Are Money Market Reforms Coming?
For the past few years, money market managers have been eyeing regulators warily. Money market reforms have been rumored, speculated about, and even offered by fund managers themselves. That reforms of some sort are coming is taken as a given; what's unknown is just how disruptive they'll be.
Those reforms have the potential to put a significant dent in the profits of fund managers, which is why the Investment Company Institute -- which represents fund managers -- has been operating with a bit of a hair trigger in responding to nearly any suggestion that reform include a floating share price.
This sensitivity was on display this week when the ICI published a list of facts that it believes were missing from a Wall Street Journal column that suggested that money market funds have to abandon their $1 fixed share price.
That fixed share price is ground zero in this debate. Why? Because on one hand, it conveys a sense of stability. Even though each money market prospectus includes language that makes it clear that the funds are not FDIC insured and could lose value, the fact is that many investors use money market funds for their short-term savings because they expect them to maintain that stable share price. That the ICI has been arguing so vociferously against a floating share price is all the evidence you need to confirm this reality.

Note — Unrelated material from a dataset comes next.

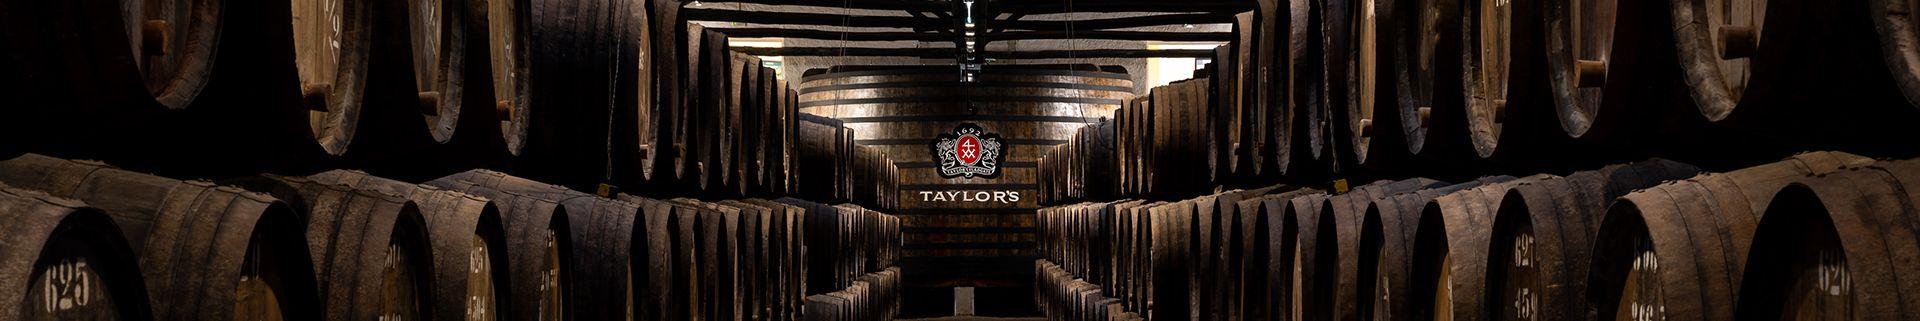 Visit Taylor Fladgate Cellars in Porto, Portugal
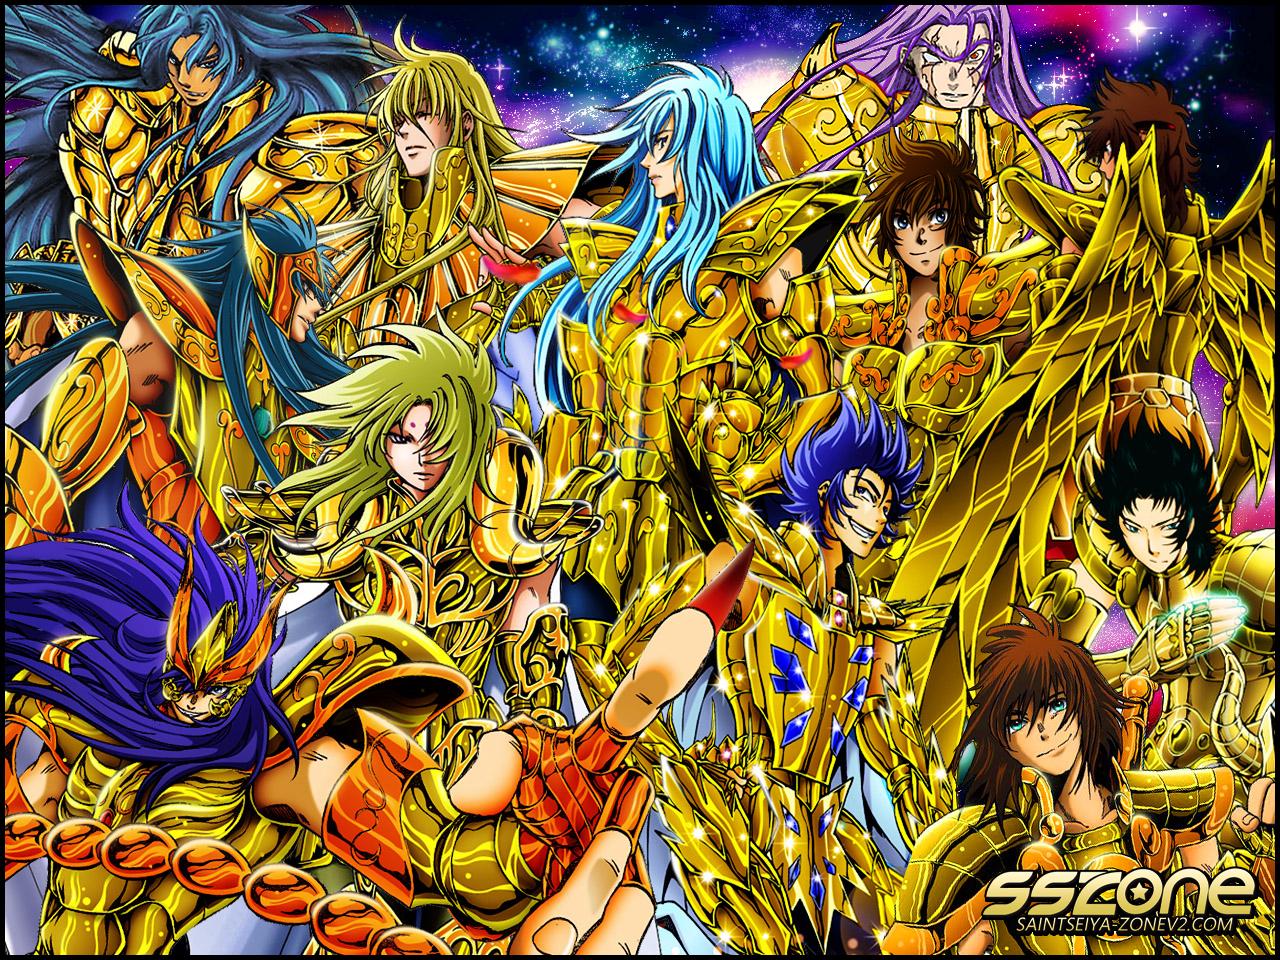 Gemini Defteros Saint Seiya Lost Canvas Zerochan Anime Image Board

But on the other hand, the sense of stability that's conveyed by that stable share price is false. Money market funds own marketable securities -- corporate- and government-issued debt -- that rise and fall in value. Because there are limits on the credit quality and maturity of the debt these funds may own, those rising and falling values are so slight that it's not difficult for the funds to maintain that $1 share price -- most of the time.
But we live in a messy world, and from time to time stuff happens -- unforeseen stuff like recessions, bankruptcies, credit crunches, and liquidity events. In the vast majority of cases, when a money market manager got caught reaching a bit too far to boost their fund's yield and ended up endangering their fund's $1 share price, the parent firm stepped in and provided the capital needed to preserve the status quo.
But in 2008, when Lehman Brothers collapsed, the industry's oldest money market fund suffered losses that outstripped what the firm could absorb, and the fund became the third in the industry's history to break the buck.
That, along with the unprecedented liquidity crisis that we were treated to in those days, combined to put a severe strain on the entire money market fund industry. Money market fund investors knew that liquidity was scarce, and didn't know which large financial institution might fail next. They were also highly motivated to redeem their money market shares as quickly as possible -- before their own fund ended up breaking the buck.
To meet these redemptions, fund managers had to sell the funds' underlying securities. The problem is that there were very few buyers, and prices began to fall, putting more pressure on the funds' share price. Further, the increased redemptions meant that there was very little demand for the short-term debt that corporate America has come to depend upon to fund their day-to-day operations.
This liquidity freeze compelled the Treasury Department to step in, offering money market funds insurance against breaking the buck.
The crisis passed, of course, and the industry and its investors emerged relatively unscathed. But it left many wondering what reforms should be undertaken in order to ensure that the federal government doesn't have to step in to prevent a future collapse.
Reformers argue that requiring money market funds to float their share price will de-incentivize investors from pulling out of money market funds at the first sign of trouble: if you know that the price you sell at will reflect the true value of the underlying securities, there's little motivation to be first in line at the bank, and a larger motivation to sit tight and wait until the storm passes.
But what if a large contingent of money market investors would spurn money market funds with a floating share price? While that might be good news for the savings institutions that would presumably receive those assets, such a shift would have significant implications for corporate America, who count on money market funds as a ready buyer for a tremendous share of their short-term debt.
There are no easy answers for these questions, which is probably why it's taken regulators so long to develop a list of proposed reforms. What form those reforms ultimately take is unknown. But what is known is that there's little appetite in Washington -- or the rest of America for that matter -- for the federal government to have to step in again anytime soon to save a private sector. Which is why, if I were a betting man, I'd wager that the days of fixed share prices for all money market funds are numbered.